David Roni Ganda Sinaga Sosialisasikan Perda Penanggulangan Kemiskinan 
David Roni Ganda Sinaga Sosialisasikan Perda Penanggulangan Kemiskinan  (Analisadaily/Istimewa)

Analisadaily.com, Medan - Anggota DPRD Kota Medan, David Roni Ganda Sinaga, SE menyosialisasikan Perda Nomor 5 Tahun 2015 tentang Penanggulangan Kemiskinan di Jalan Rawa Cangguk, Kelurahan Mandala III, Kecamatan Medan Denai, Minggu (25/01/2026) pukul 14.00 WIB.

Dalam Sosialisasi sesi pertama itu, David menegaskan bahwa program Sekolah Rakyat (SR) dan Makan Bergizi Gratis (MBG) merupakan program pemerintah pusat.
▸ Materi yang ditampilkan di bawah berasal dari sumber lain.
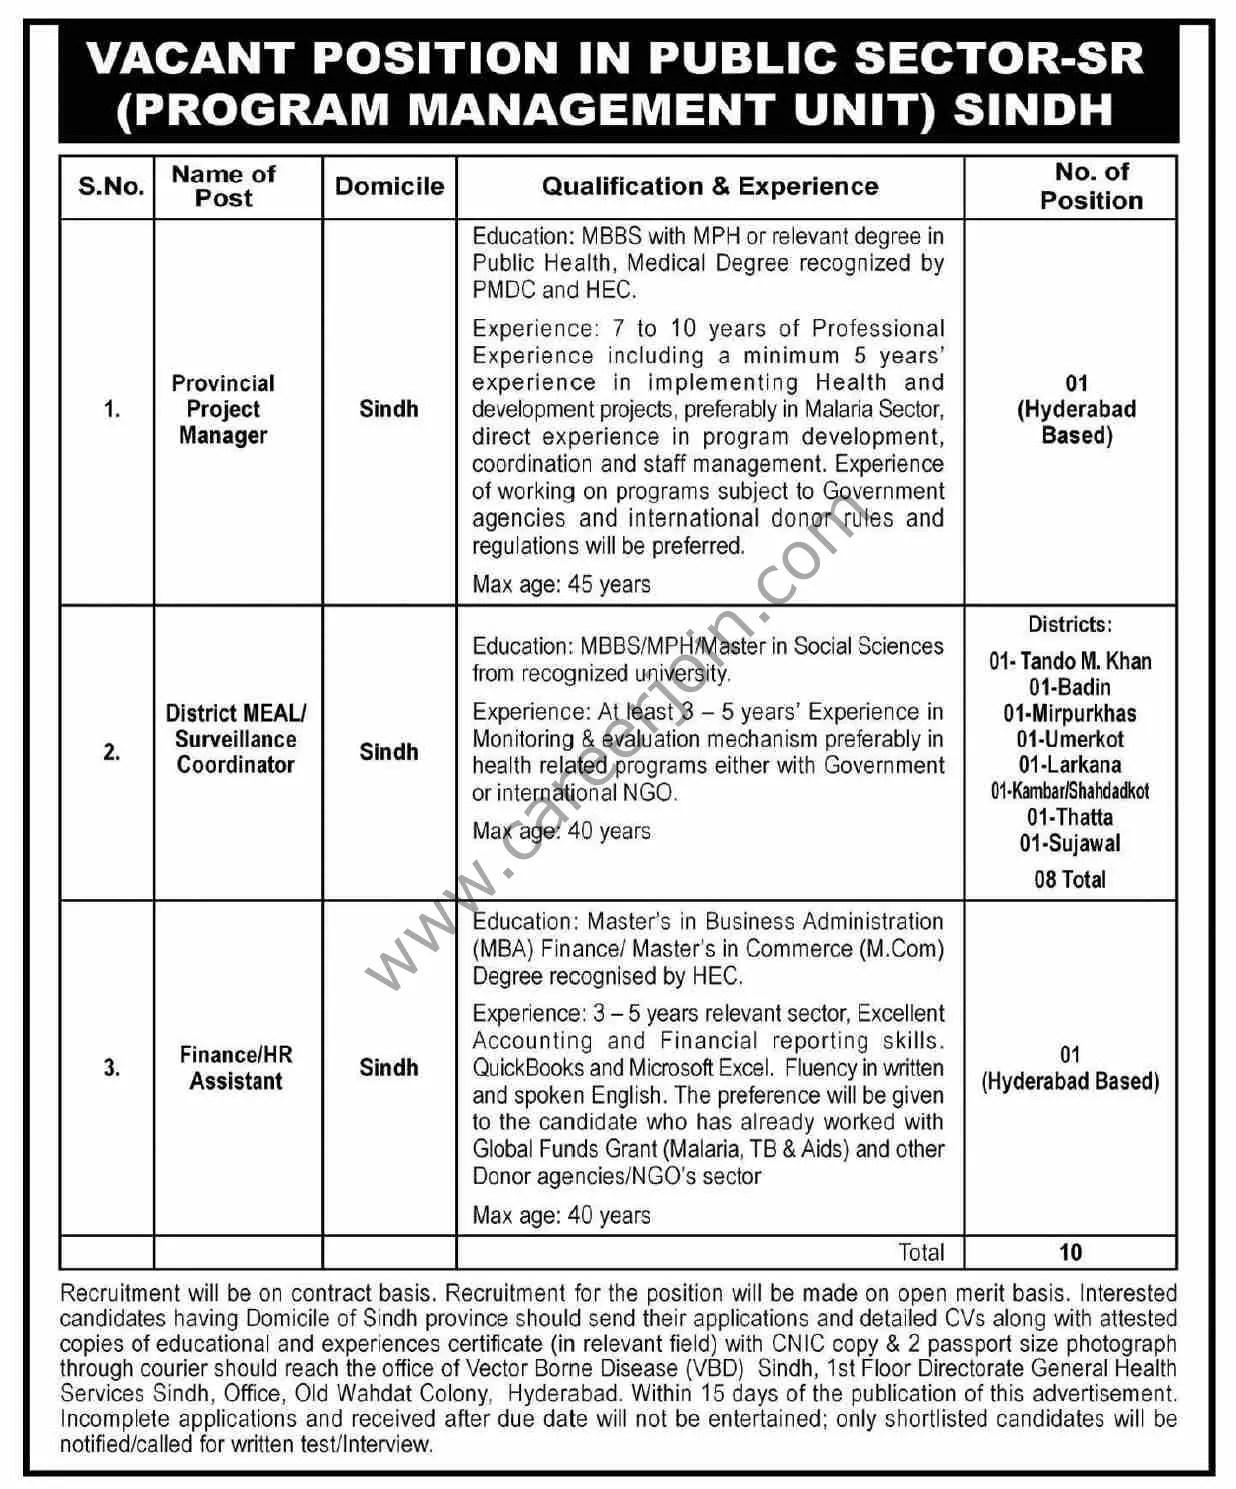 Public Sector Program Management Unit Jobs June 2021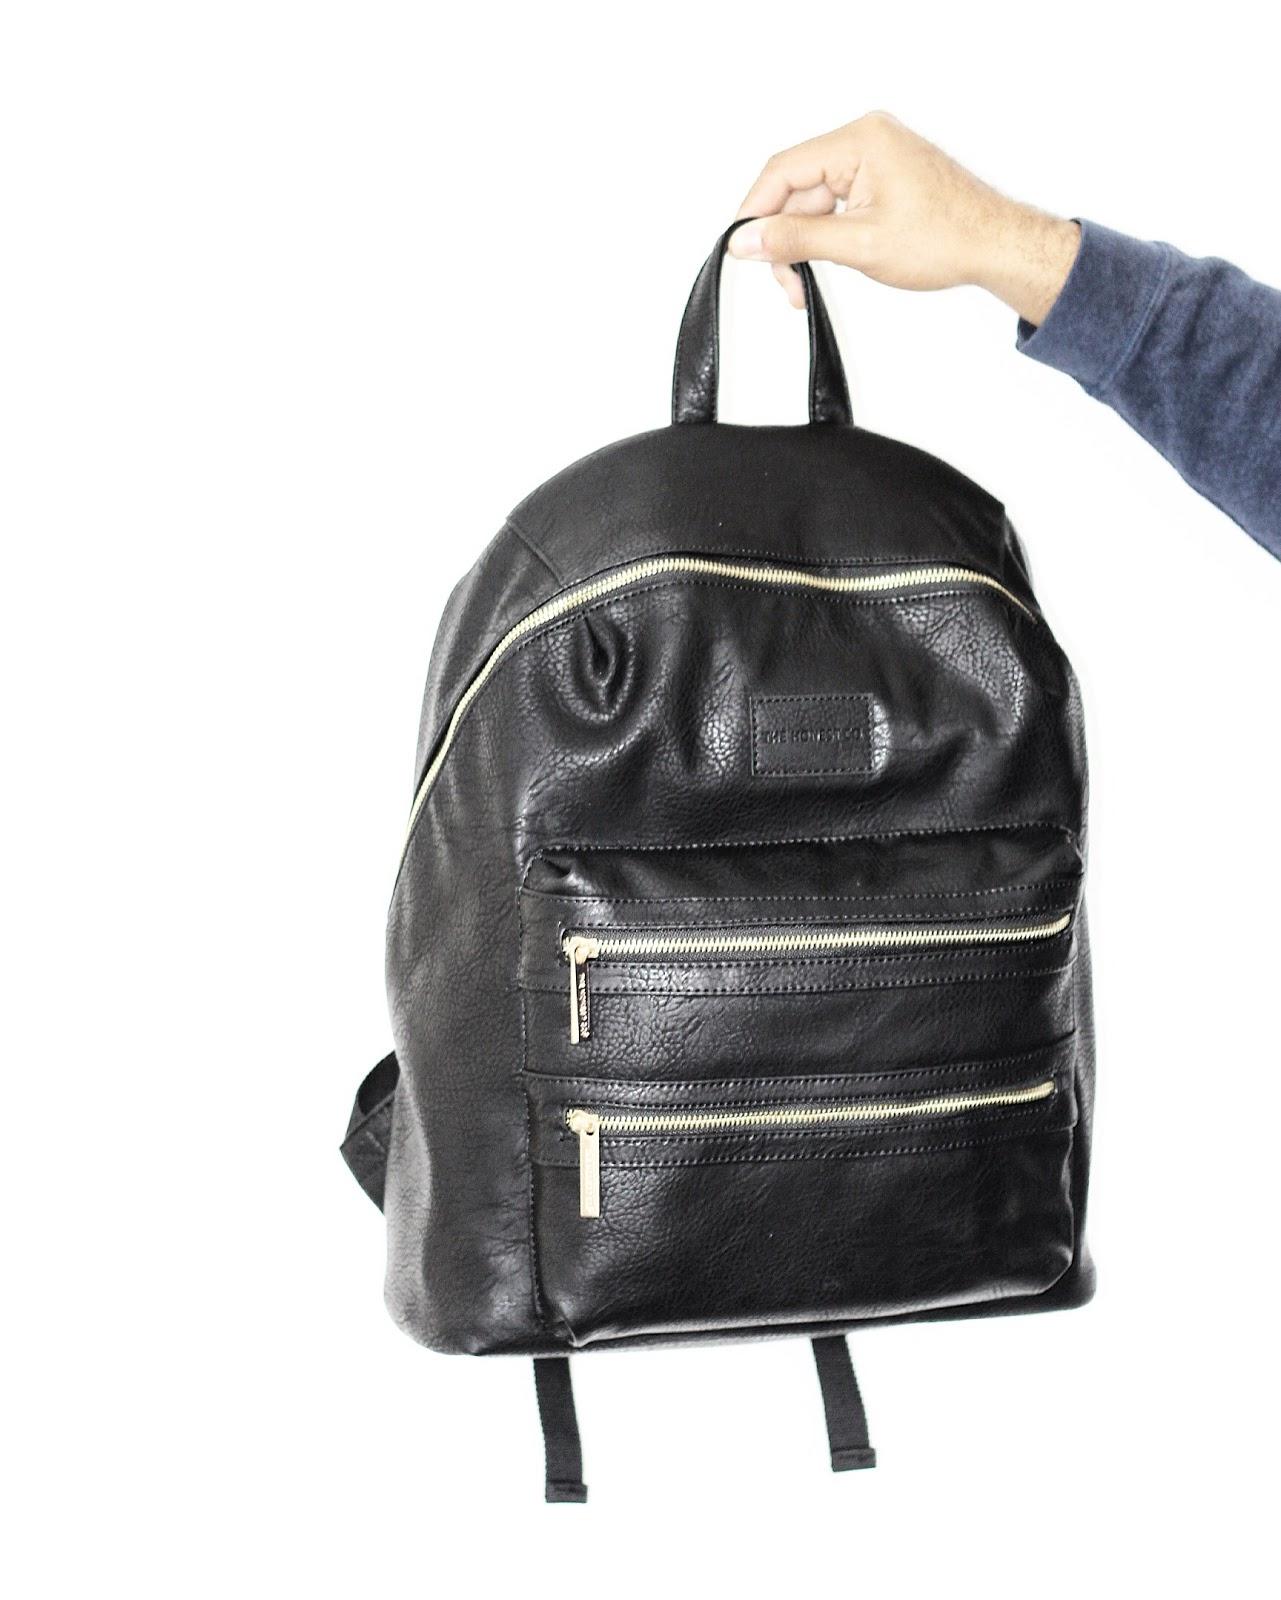 My Diaper Bag: Honest Co City Backpack

Sehingga dalam penyampaiannya kepada masyarakat harus dilakukan secara detail, cermat, dan tidak menimbulkan kesalahpahaman.

Politisi PDI Perjuangan itu juga menjelaskan bahwa masyarakat yang merasa layak dan memenuhi kriteria sebagai penerima bantuan pendidikan gratis, khususnya melalui program Sekolah Rakyat, dapat langsung menanyakan informasi dan persyaratan ke kantor kelurahan, kecamatan setempat dan Dinas Sosial.

“Kalau memang bapak dan ibu layak mendapatkan bantuan gratis, salah satunya program Sekolah Rakyat, silakan datang ke kantor lurah atau camat. Tanyakan apa saja persyaratannya,” saran Sekretaris Komisi III DPRD Medan itu.

Dia menambahkan, untuk program-program yang merupakan kebijakan Pemerintah Kota Medan, dirinya sebagai anggota DPRD siap mengawal dan memastikan agar pelaksanaannya berjalan dengan baik serta tepat sasaran.

“Kalau programnya dari Pemko Medan, tentu bisa kita kawal. Tapi karena Sekolah Rakyat dan MBG ini program pemerintah pusat, maka dalam menyampaikannya saya harus berhati-hati. Kita tidak mau masyarakat salah paham lalu menuntut ke DPRD atau Pemko,” tegasnya.

Menurut David Roni, transparansi informasi sangat penting agar masyarakat tidak memiliki ekspektasi berlebihan terhadap pemerintah daerah, sementara kewenangan utama berada di pemerintah pusat.

Sementara itu, perwakilan Kelurahan Mandala III, Jerman Purba, mengaku pihak kelurahan juga masih menunggu petunjuk teknis lebih lanjut terkait mekanisme resmi program Sekolah Rakyat.

“Kami juga belum sepenuhnya memahami prosedur detailnya. Namun masyarakat bisa memasukkan permohonan ke kantor kelurahan, nanti proses seleksi dan penentuan tetap dari pihak pusat, siapa yang layak menerima dan siapa yang tidak,” jelas Jerman.

Kegiatan sosialisasi tersebut mendapat antusias dari ratusan warga yang hadir, khususnya masyarakat kurang mampu yang berharap bisa memperoleh akses pendidikan dan bantuan sosial melalui berbagai program pemerintah.